Given that Nick and his friends were deep in their thirties when the war began, they were not placed anywhere on the front lines.  In fact, Nick worried about how he could enlist quickly given the handicap of his age.  Nick did manage to enlist, and after working in different posts in England through books VII and VIII came into the lasting position of his military career in Book IX, that of managing the attaches from first Poland and then Norway and Belgium.  These final positions had him stationed in London. 

As a result of these matters, Powell is able to maintain his tone and style even as the war rages on in the form of blitzes and the reports of those who have fallen.  Not only does it suit Powell’s style, but it’s also a fascinating way to recount the war.  Of these last three books, the second one, The Soldier’s Art, was to me the most enjoyable because we spent the most time with characters we had been following before the war broke out.  But this latest book, book IX, The Military Philosophers, was the most interesting from an historical perspective.  So little time can be devoted to the war in our history classes that we really only get the highlights of the big moments in the war.  I had never even given thought to the political relationship between the greater powers and those of the smaller countries on the side of the Allies.  Powell’s focus is always on the movement of time and people, so he does not spend a lot of time uncovering the lives and political nuances of the situation, and while his coverage is sufficient to let us know the general ins and outs of Nick’s life, I found the quick skim over the surface of things made it difficult to really submerge myself in the fiction.  Because we weren’t diving down, I found myself becoming impatient and wanting to rush through the chapters to find an encounter in which we could spend some time.

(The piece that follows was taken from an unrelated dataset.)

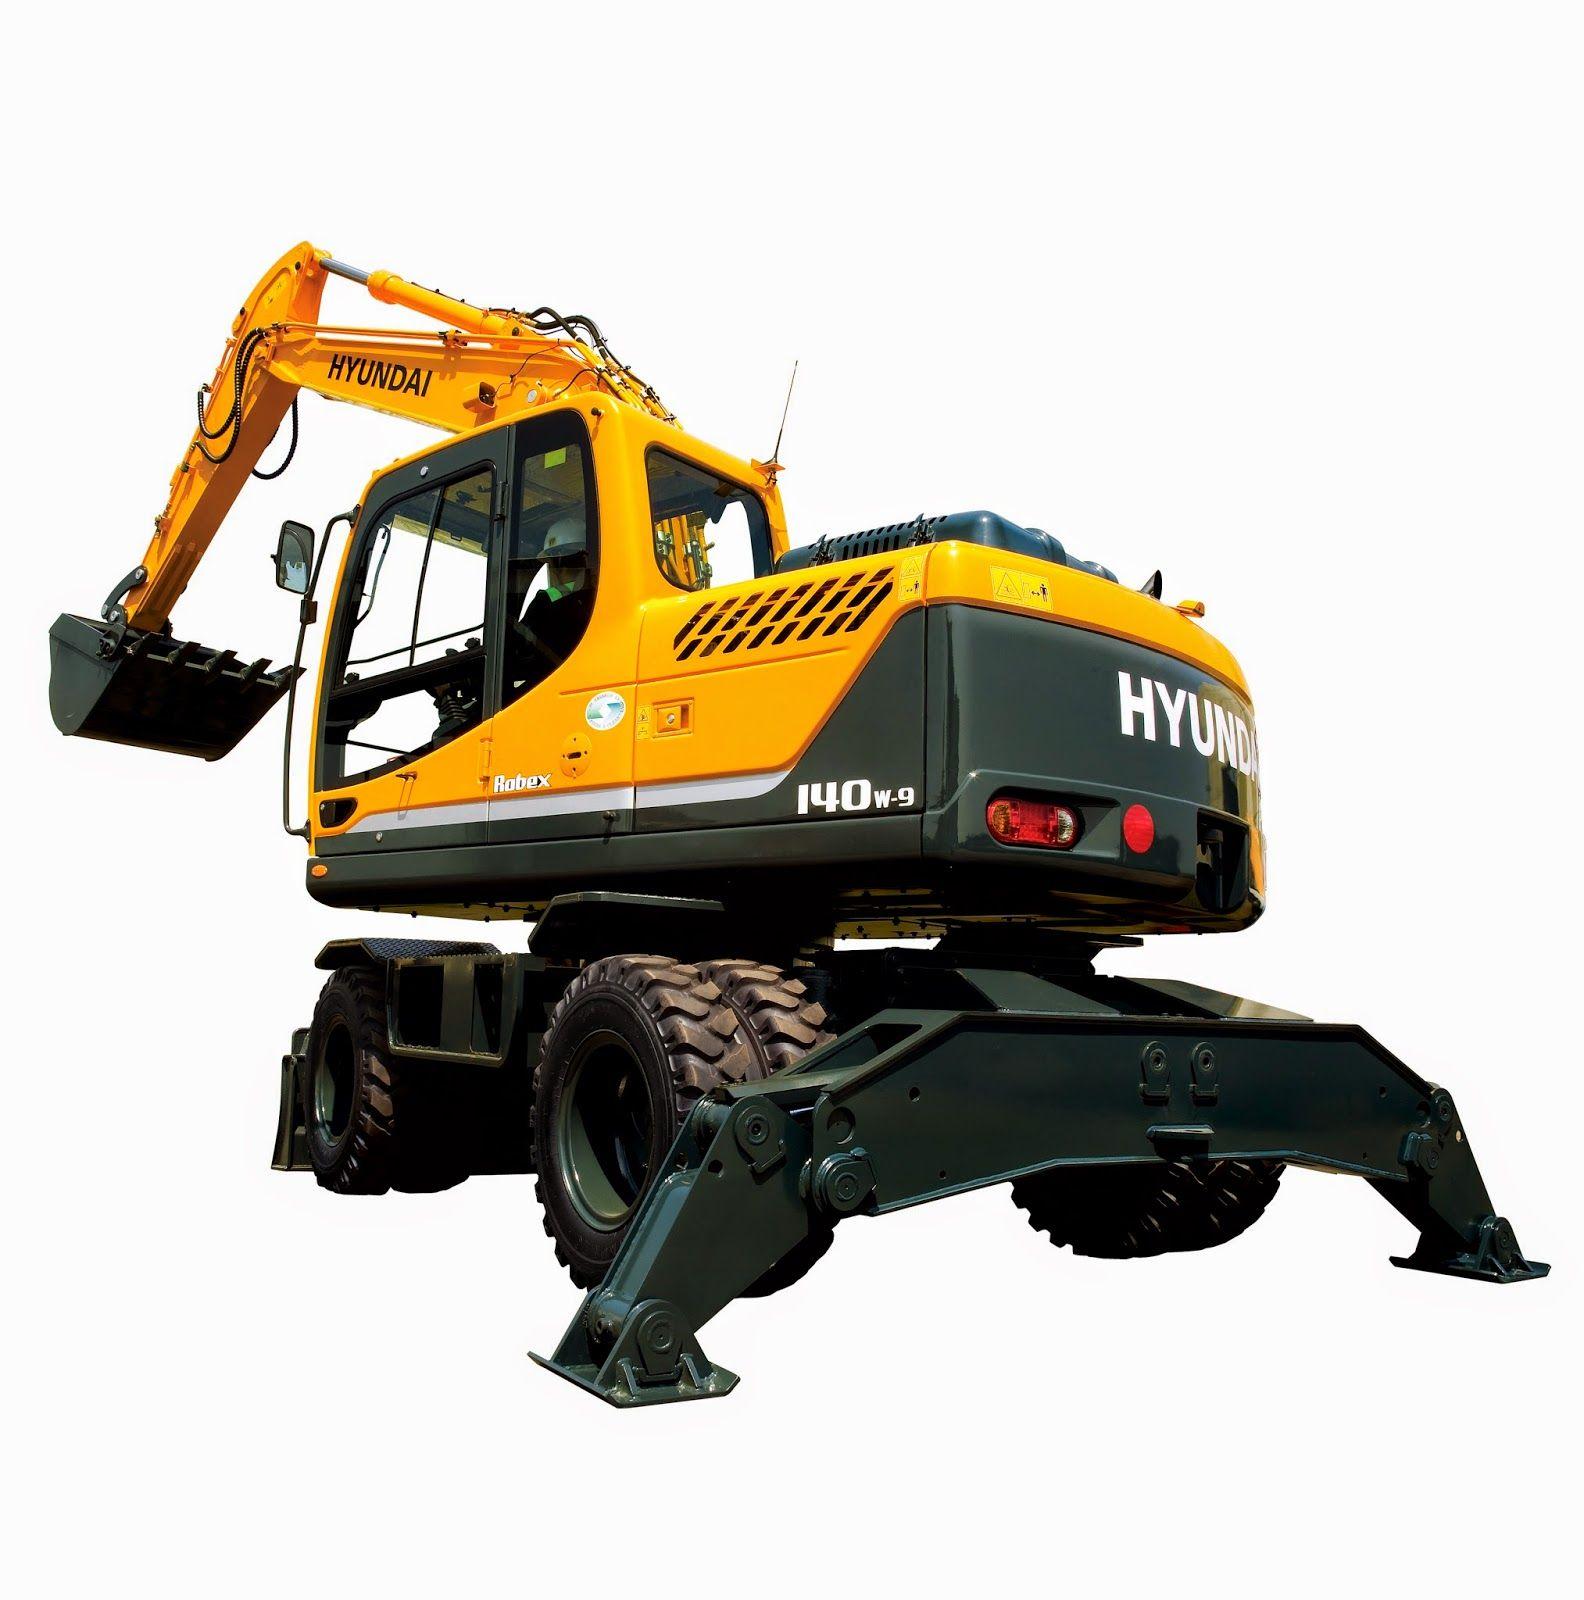 Hyundai Excavators R140w-9

It can be tempting to rush through what seems like humdrum material in Powell’s books, and I needed constantly to remind myself to slow down for two reasons.  First, the prose is so beautifully constructed that it would be a waste to blow past the sentences in search of a chapter.  Second, Powell is writing something that is much larger than any one book, attempting to capture the very motions and patterns of life as we live it, which means things that are humdrum today can prove to be critical tomorrow.  Powell is not interested in wasting anyone’s time, least of all his own, and I have to believe that what is laid out for us here is important not only at the moment but also down the line.

Powell shows his power as an author most readily in his concluding chapters.  The final chapter of The Military Philosophers is not only the final chapter of this one book, but the final chapter of this trilogy on World War II.  The war’s ending is celebrated and the lives that were once pulled together begin once again to separate, and Powell takes his time beautifully gathering each thread and placing them together, revisiting once forgotten moments as Nick sorts his thoughts out about the last five years of his life.  It was a fantastic ending to three enjoyable, though at times tedious, books.